Pauline Gilmour Hatch (1871–1955) was an American composer and hymnwriter.

== Life ==
Pauline Gilmour Hatch was the only daughter of Henry Lake Gilmour, a dentist and Methodist hymnwriter, editor, and choir director. She was born at either Cape May, or Wenonah, New Jersey, on April 3, 1871. She manifested a great love for music at an early age, which was encouraged and cultivated in a musical atmosphere, William J. Kirkpatrick being her first instrumental teacher. Later she received a diploma from the South Jersey Institute, Bridgeton, New Jersey, and also took a course at Richard Zeckwer's Conservatory of Music in Philadelphia. An organist, she sometimes accompanied her father who often sang at Christian meetings.

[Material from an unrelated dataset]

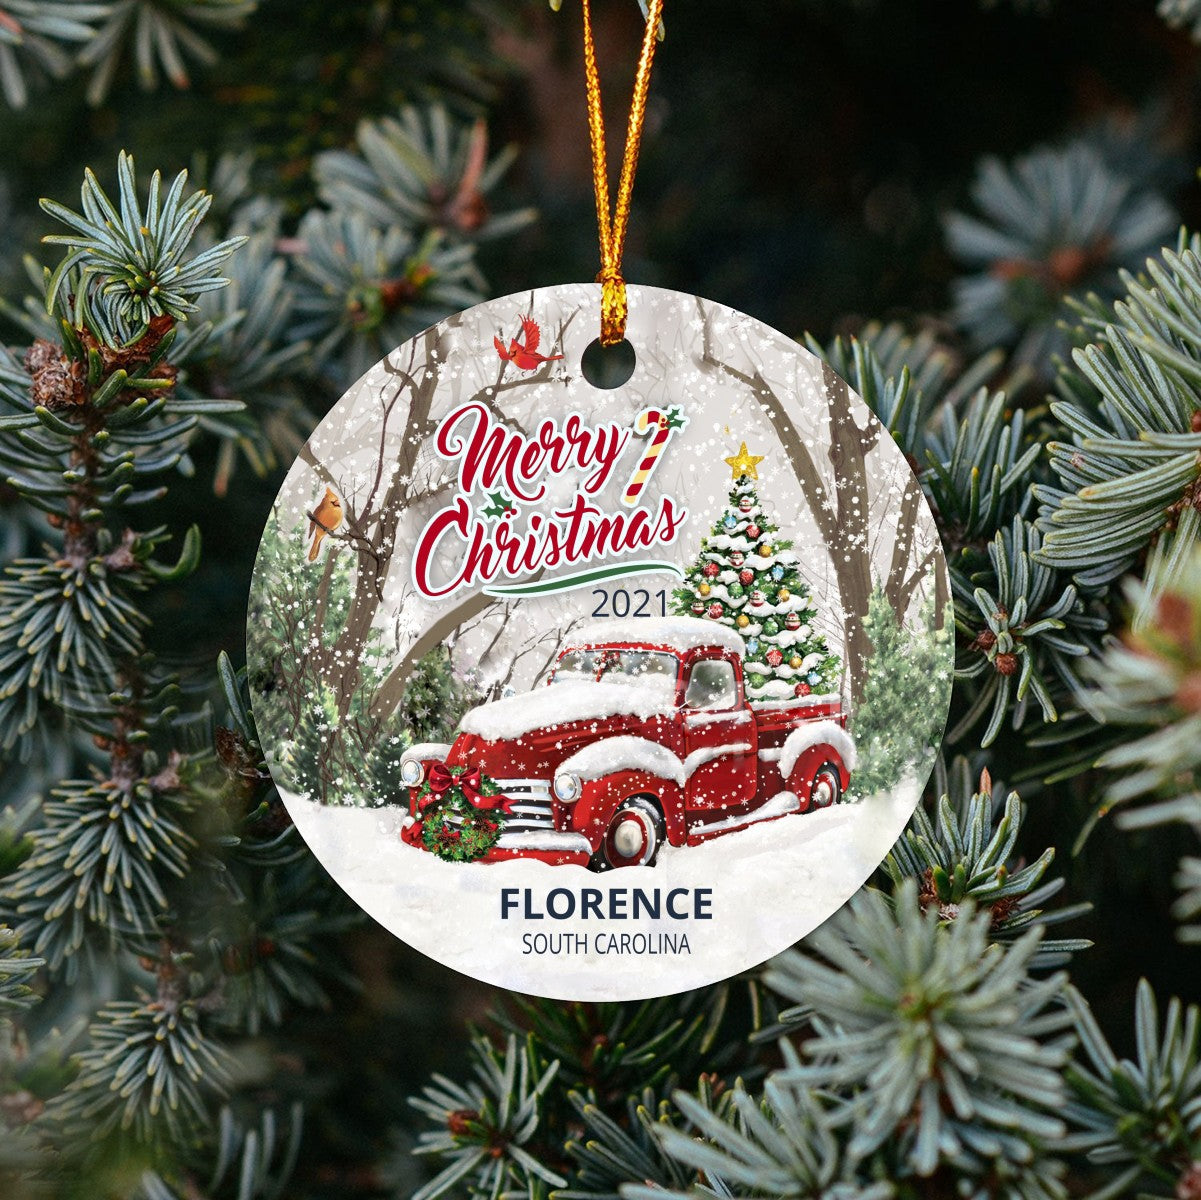 Christmas Tree Ornaments Florence - Ornament Customize With Name City And State Florence South Carolina SC - Red Truck Xmas Ornaments 3'' Plastic Gift For Family, Friend And Housewarming

She married H. Morgan Hatch, of Delair, New Jersey, on October 30, 1903. Hatch was a member of a family of early Camden settlers. He worked as a Pennsauken tax collector, director of Merchantville National Bank and Trust Co. and proprietor of the former N. J. Auto and Supply Co. He died in 1952. They had one son, Paul, who died in 1943.

Pauline lived for many years at Pennsauken. She died at her home, 6900 River Rd., Pennsauken, on Wednesday, November 9, 1955, aged eighty-four, and was buried in Arlington Cemetery, Pennsauken.

== Music ==
According to Anthony Johnson Showalter, among her best and most popular compositions are "Volunteers, to the Front", "Our Dearly Loved Banner", "Jesus, Refuge of My Soul" and "Peace Hymn of Nations", "all of which show talent of a high order, coupled with thorough scholarship". Her compositions were published in numerous hymnals.

== Sources ==

- Showalter, A. J. (1904). The Best Gospel Songs and Their Composers. Dalton, GA: The A. J. Showalter Co.; Dallas, TX: The Showalter-Patton Co. p. 276.
- "Obituaries: Mrs. Pauline G. Hatch". Courier-Post. Camden, New Jersey. Thursday, November 10, 1955. p. 4.
- "Pauline Gilmour Hatch". Hymnary.org. Accessed July 12, 2022.
- "Pauline Gilmour Hatch". Hymntime.com. Accessed July 12, 2022.